The other study, also published in the New England Journal of Medicine last week, found that the experimental drug conjugate called trastuzumab deruxtecan was able to substantially reduce tumor activity in patients with HER2-positive metastatic breast cancer.

"Both studies are evaluating new drugs for HER2-positive breast cancer, which represents about 15% to 20% of all breast cancers," said Dr. Eric Winer, chief of the division of breast oncology at Dana-Farber Cancer Institute in Boston and professor of medicine at Harvard Medical School, who was the senior author of the tucatinib study.

"What's so exciting is we have developed multiple new drugs for HER2-positive breast cancer -- we have new drugs for all subtypes of breast cancer -- but the changes are most dramatic in the setting of HER2-positive breast cancer," Winer said.

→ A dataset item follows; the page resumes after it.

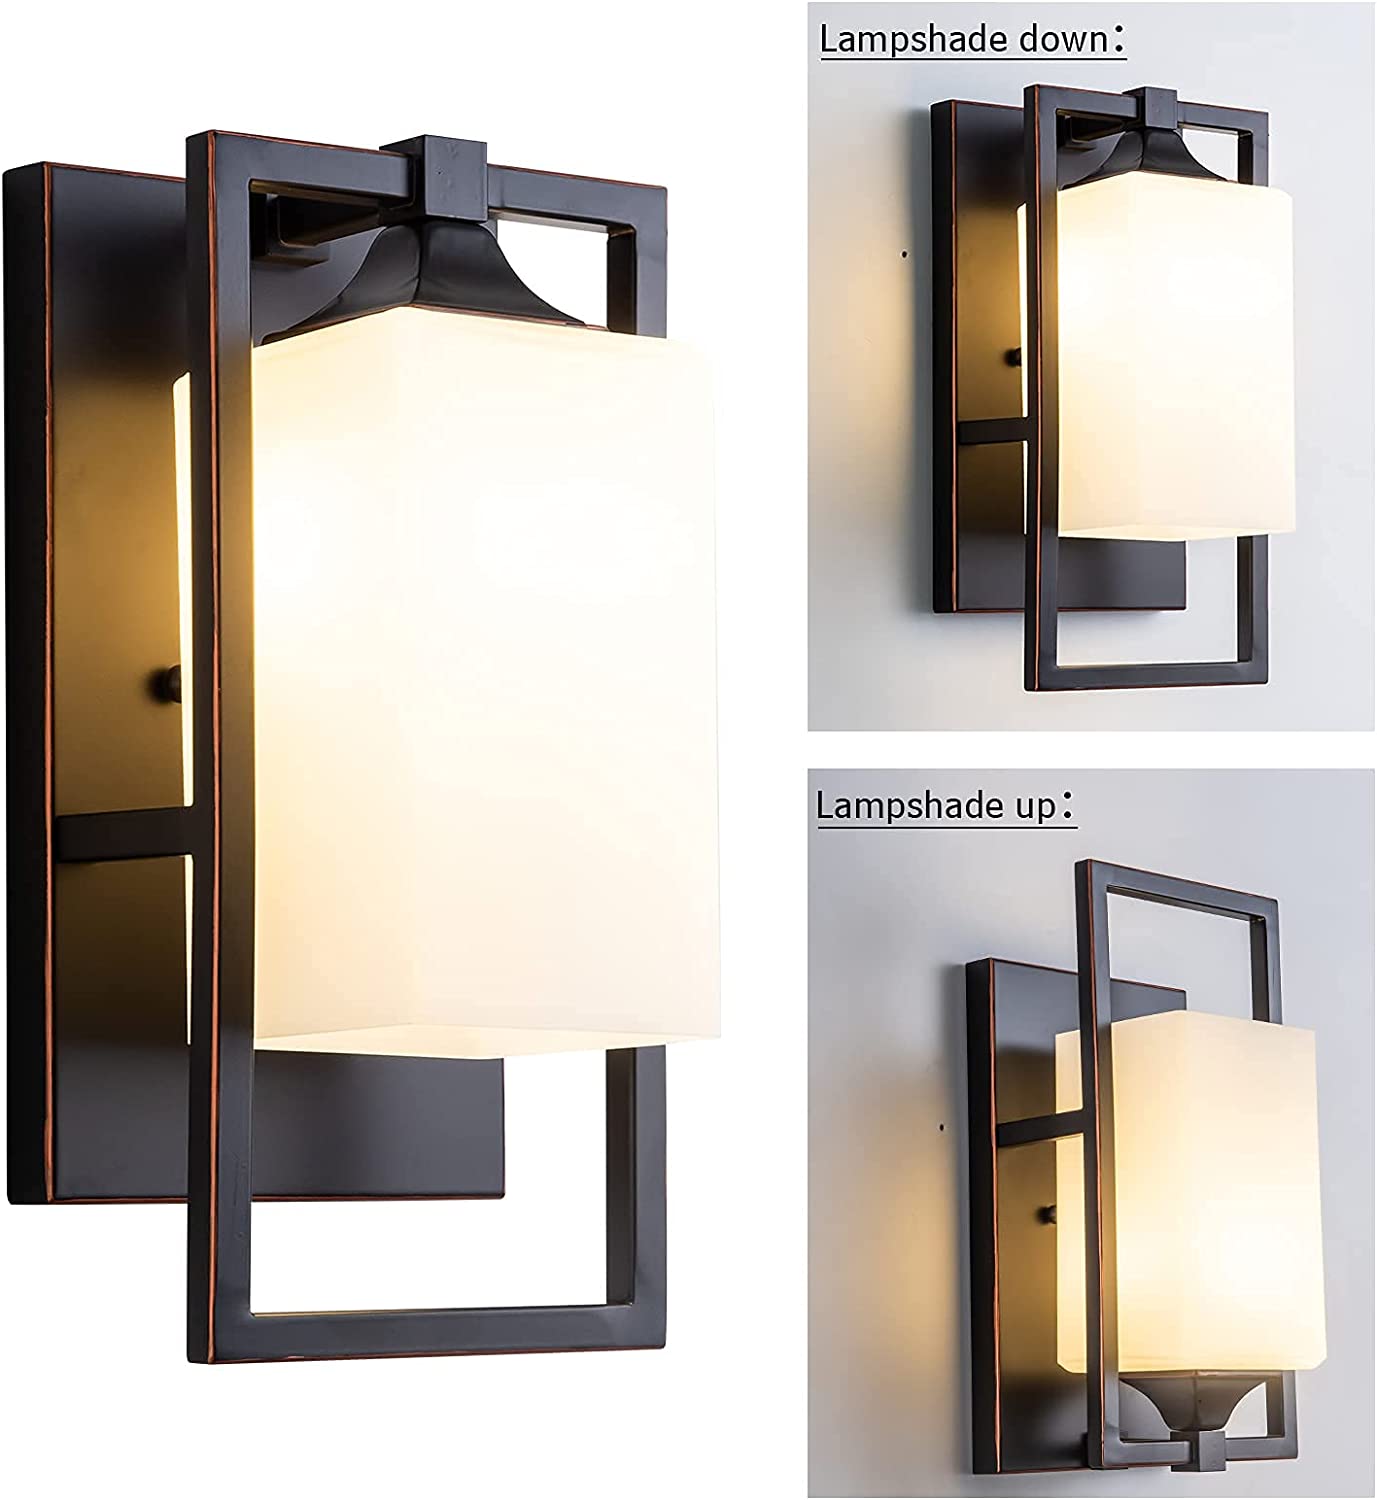 Vintage wall sconce with bronze finish glass vanity wall light fixture

"It is the single area in breast cancer where we have made the most dramatic progress and continue to," he said. "For individuals with advanced breast cancer we can individualize therapy more than in the past; it is no longer one size fits all."

The tucatinib study: 'It was pretty well tolerated'

The tucatinib study included 613 patients who previously underwent chemotherapy for HER2-positive metastatic breast cancer by taking the drugs trastuzumab, pertuzumab and trastuzumab emtansine -- but that treatment approach had stopped working for the patients.

For the study, the patients were randomly assigned to either the drug tucatinib or a placebo and received chemotherapy with the drugs trastuzumab and capecitabine.

The researchers found that in the first year of treatment, 33.1% of patients in the tucatinib group did not see their cancer progress compared with 12.3% of patients in the placebo group.

The researchers also found that overall survival two years after starting treatment was 44.9% among patients in the tucatinib group and 26.6% among those in the placebo group.

Side effects of the tucatinib treatment that emerged in the study included the risks of diarrhea and elevated levels of an enzyme in the body called aminotransferase.

"But in general it was pretty well tolerated," Winer said.

Next year, the biotechnology company Seattle Genetics, which develops tucatinib, plans to submit a new drug application to the US Food and Drug Administration and an application to the European Medicines Agency with the goal of bringing this new medicine to the public, Dr. Roger Dansey, chief medical officer at the company, said in a press release on Wednesday.

"Continued innovation to bring new therapies for the treatment of metastatic HER2-positive breast cancer is urgently needed, and we are encouraged by the impressive clinical activity demonstrated with the addition of tucatinib to trastuzumab and capecitabine," he said in part.

The trastuzumab deruxtecan study: 'I am cautiously optimistic'

The trastuzumab deruxtecan study included 184 patients who had already undergone multiple prior treatments for HER2-positive breast cancer. The patients were given the recommended dose of trastuzumab deruxtecan at 5.4 mg per kilogram of body weight.

The researchers found that the patients saw no further progression of their cancer for a median of 16.4 months and that the cancer in 60.9% of the patients shrunk by at least 50% in response to the treatment. However, the treatment came with some side effects, including nausea, myelosuppression -- the decline of bone marrow activity -- and interstitial lung disease.

Overall, "it is rare that a drug has effects on women heavily pretreated," said Dr. Otis Brawley, Bloomberg Distinguished Professor of oncology and epidemiology at Johns Hopkins University, who was not involved in the new study.

"I am cautiously optimistic," he said, but added that more research is needed to determine whether trastuzumab deruxtecan could help patients live longer.

Dr. Ian Krop, a principal investigator of the study and associate chief of the division of breast oncology at Dana-Farber Cancer Institute in Boston, called the research results "striking" in a press release on Wednesday.

"These results are particularly striking as trastuzumab deruxtecan prompted a high level of durable tumor reduction among patients, the majority of whom had exhausted most if not all standard therapies for HER2-metastatic breast cancer," he said. "We are excited by these results and their potential to help patients with this advanced stage of breast cancer."